Concrètement, ces pays pourront continuer à bénéficier et à participer aux projets de la Banque, tout en s’inscrivant dans un cadre institutionnel distinct de celui des États membres de la CEDEAO. Par ailleurs, le personnel de la BIDC originaire de ces trois pays est maintenu à ses postes, le bloc régional ayant choisi d’éviter toute rupture brutale dans le fonctionnement de la Banque.

Une participation conditionnée au GIABA

Sur le front de la lutte contre la criminalité financière, la CEDEAO a également opté pour le maintien du Burkina Faso, du Mali et du Niger au sein du GIABA, mais avec un statut de membres non-CEDEAO.

Cette intégration est assortie de conditions strictes.
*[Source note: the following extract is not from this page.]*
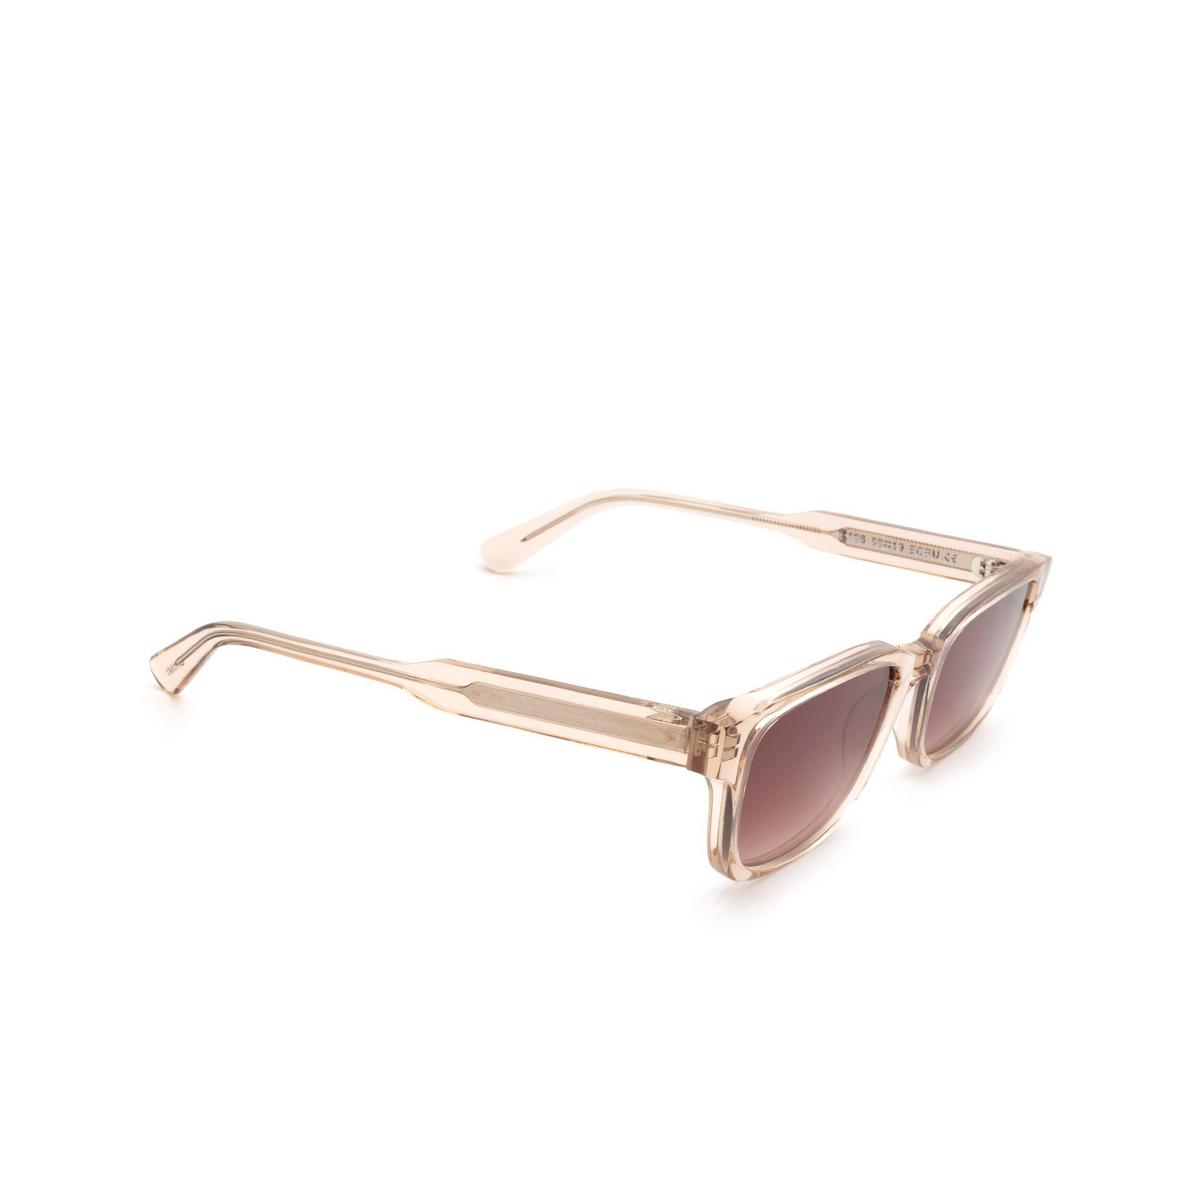 Chimi® Rectangle Sunglasses: #106 color Light Beige Ecru - three-quarters view.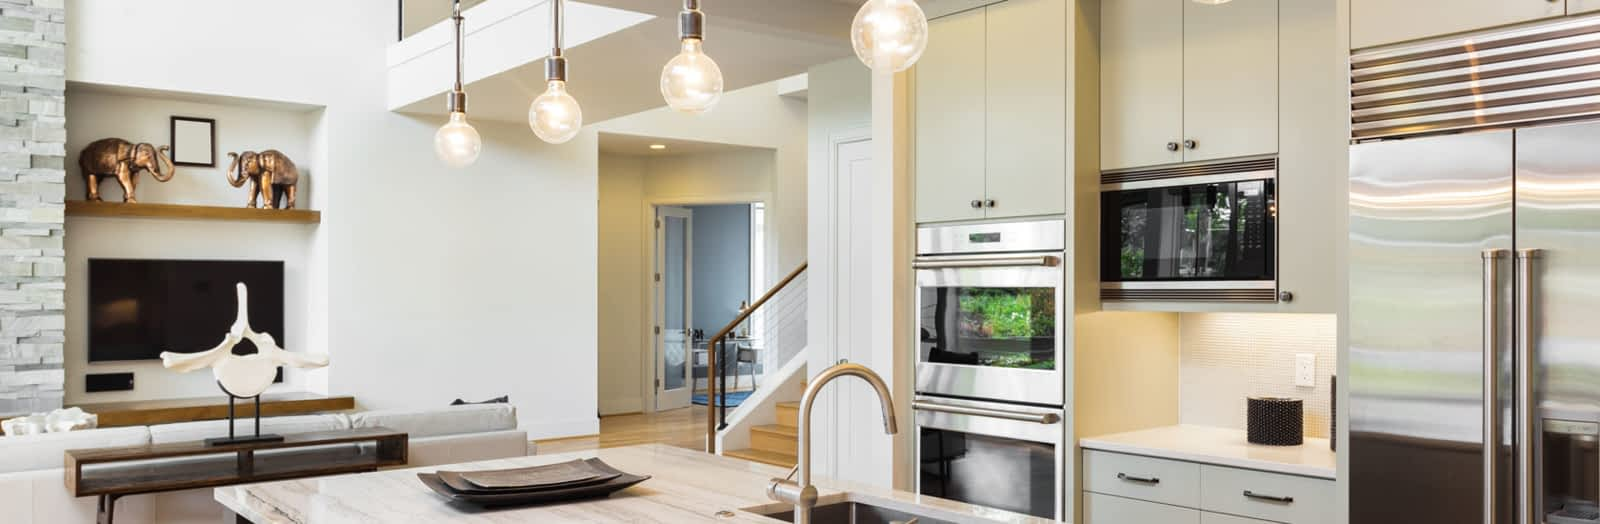 Canadian Home Renovations Ltd - Opening Hours - Edmonton, AB

Les trois États se sont engagés à :
– corriger les insuffisances relevées dans leurs dispositifs nationaux de lutte contre le blanchiment de capitaux et le financement du terrorisme ;
– coopérer pleinement avec les mécanismes de contrôle et d’évaluation du GIABA ;
– respecter sans réserve les dispositions statutaires de l’organisation.